━━━━━ Data extract ━━━━━

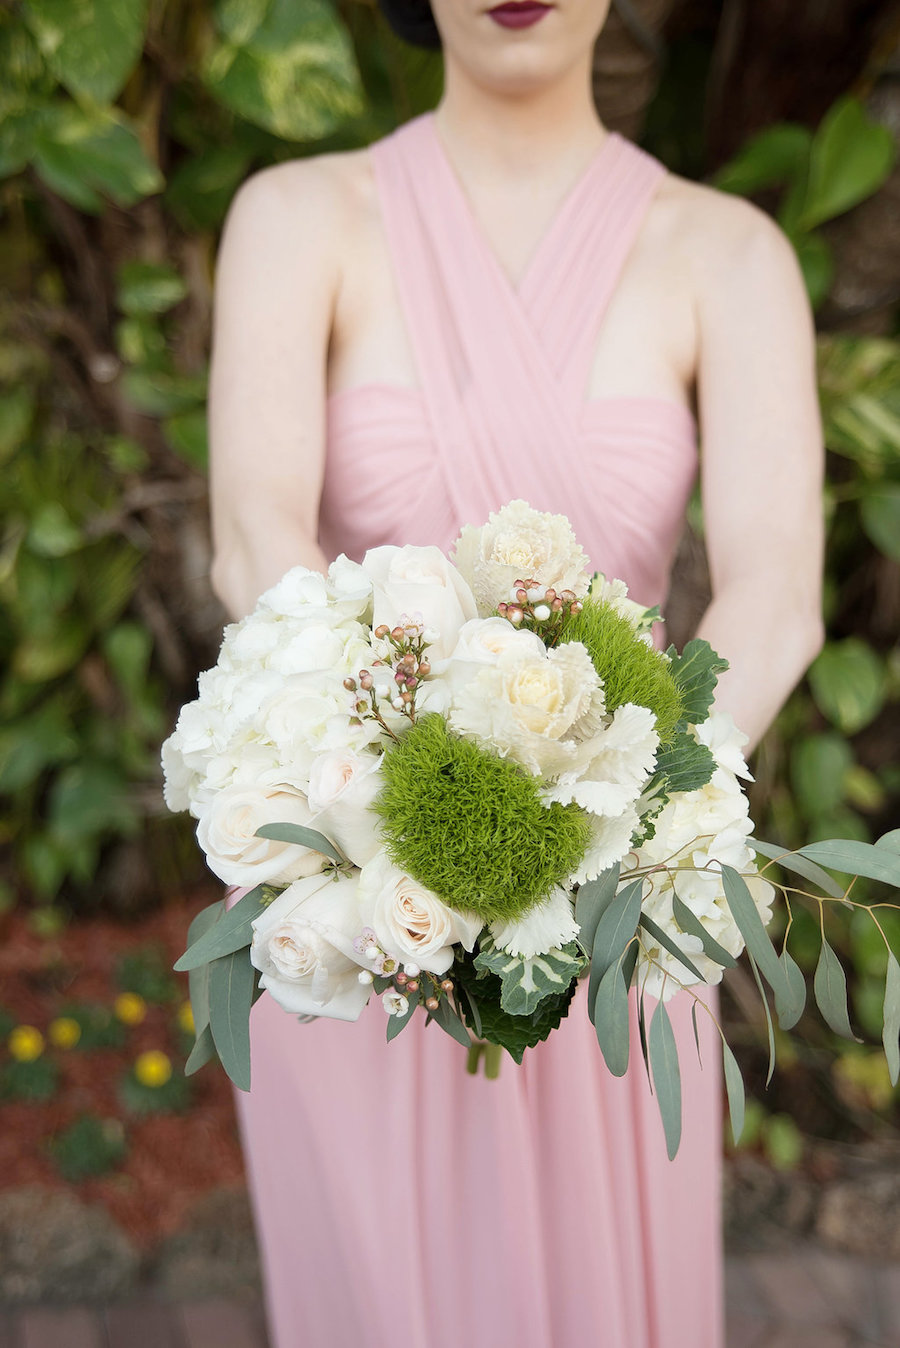 White Rose and Floral Bouquet with Succulents and Greenery and Davids Bridal Blush Bridesmaid Dress | St. Petersburg Wedding Photographer Kristen Marie Photography
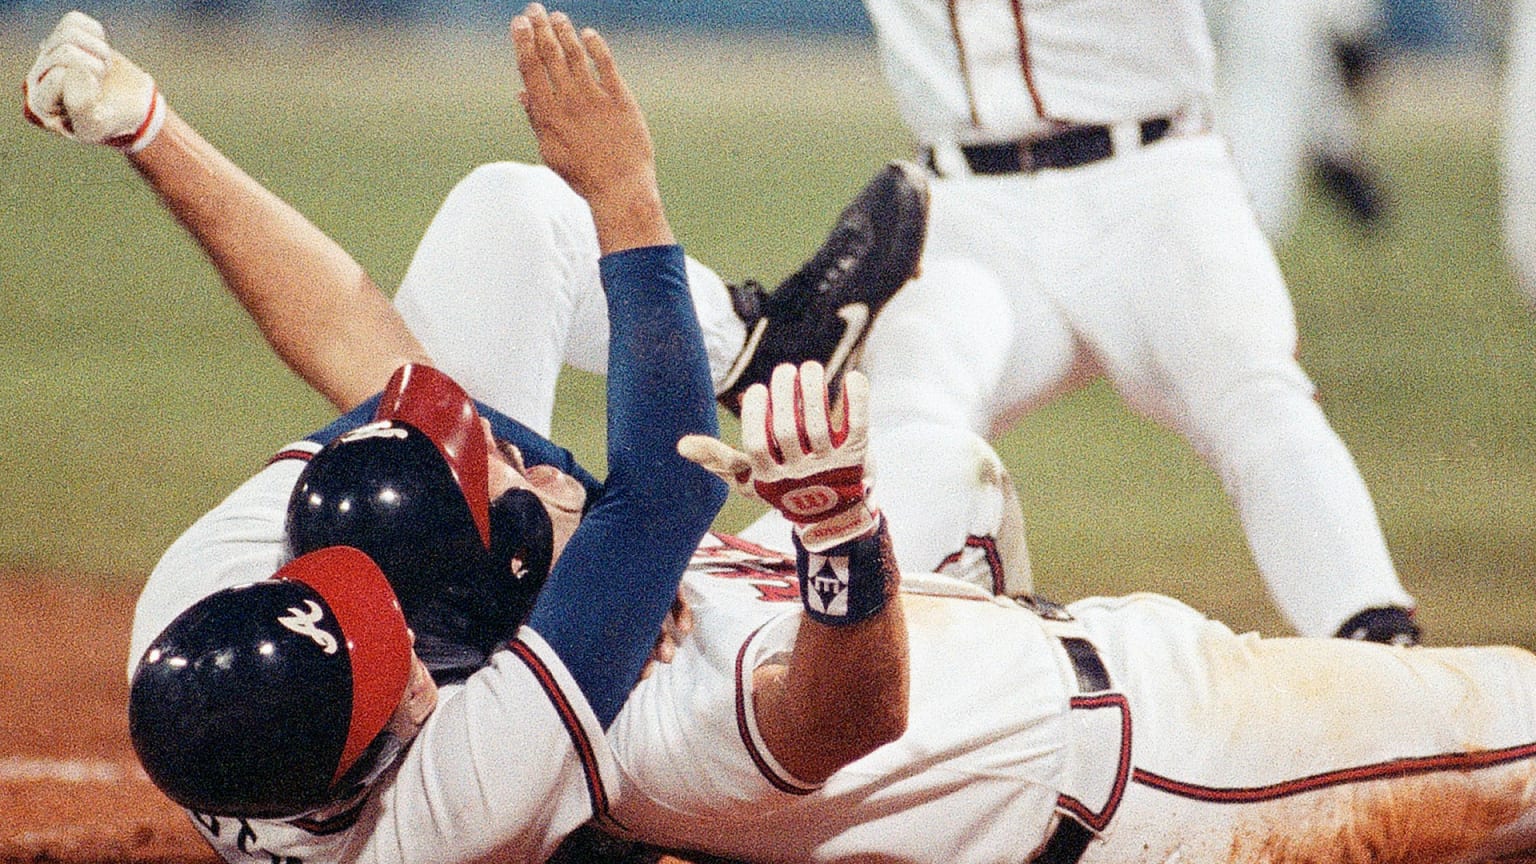 Braves players celebrate after winning the 1992 NLCS
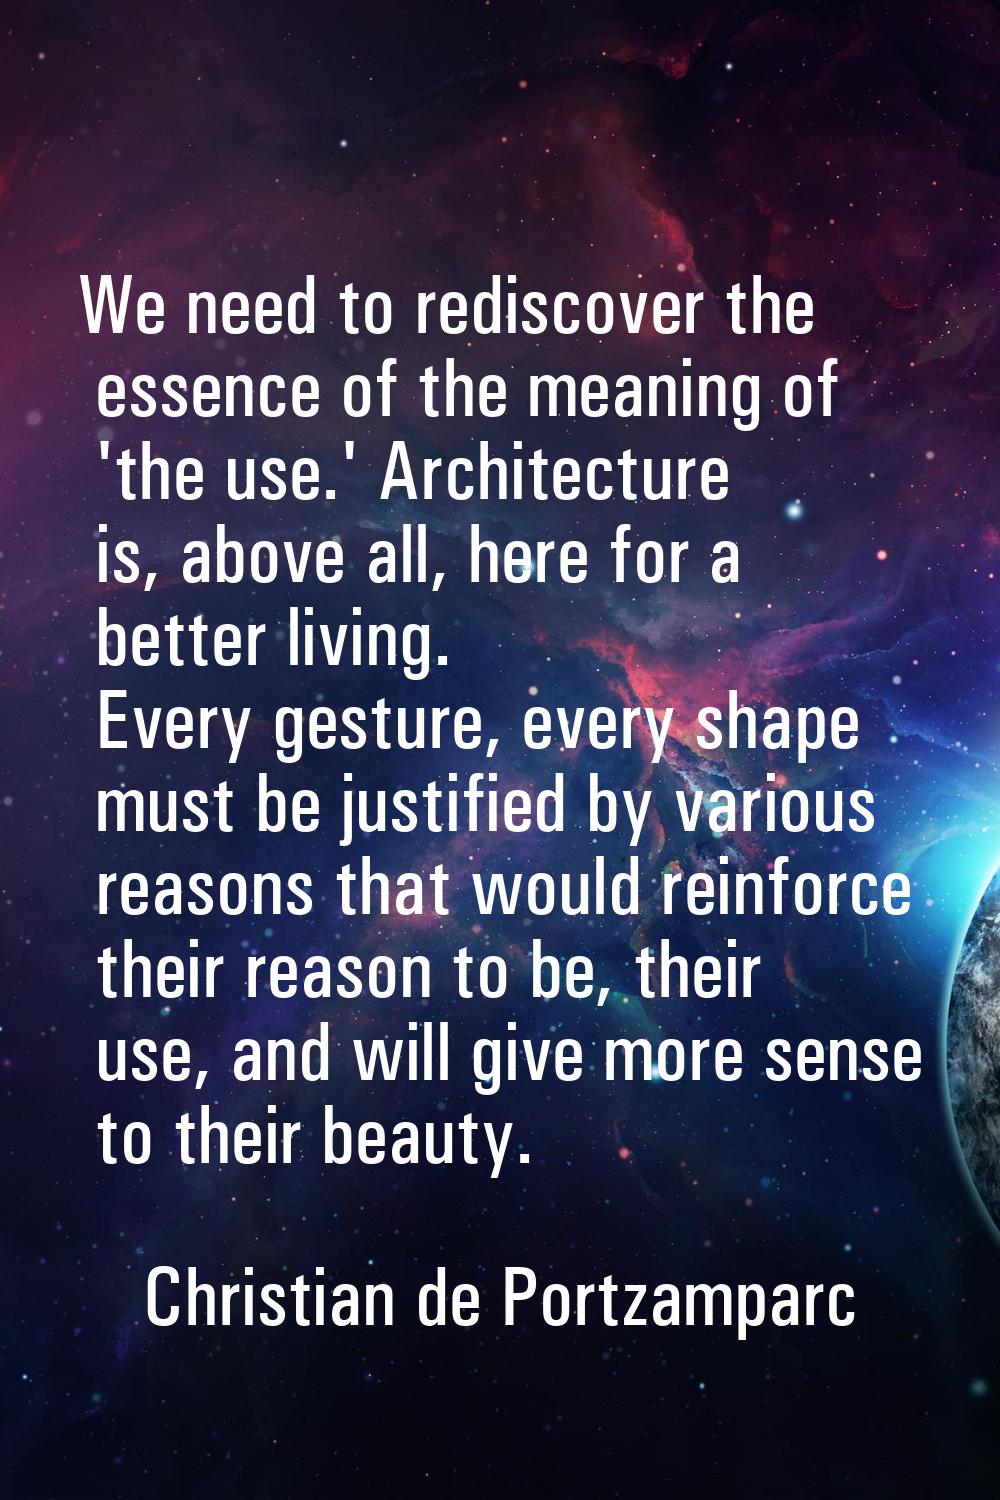 We need to rediscover the essence of the meaning of 'the use.' Architecture is, above all, here for

━━━━━

## Your assignment
Print the full listing above exactly. Pictures stay out of the copy.

## Task response
 White Rose and Floral Bouquet with Succulents and Greenery and Davids Bridal Blush Bridesmaid Dress | St. Petersburg Wedding Photographer Kristen Marie Photography
 Braves players celebrate after winning the 1992 NLCS
 We need to rediscover the essence of the meaning of 'the use.' Architecture is, above all, here for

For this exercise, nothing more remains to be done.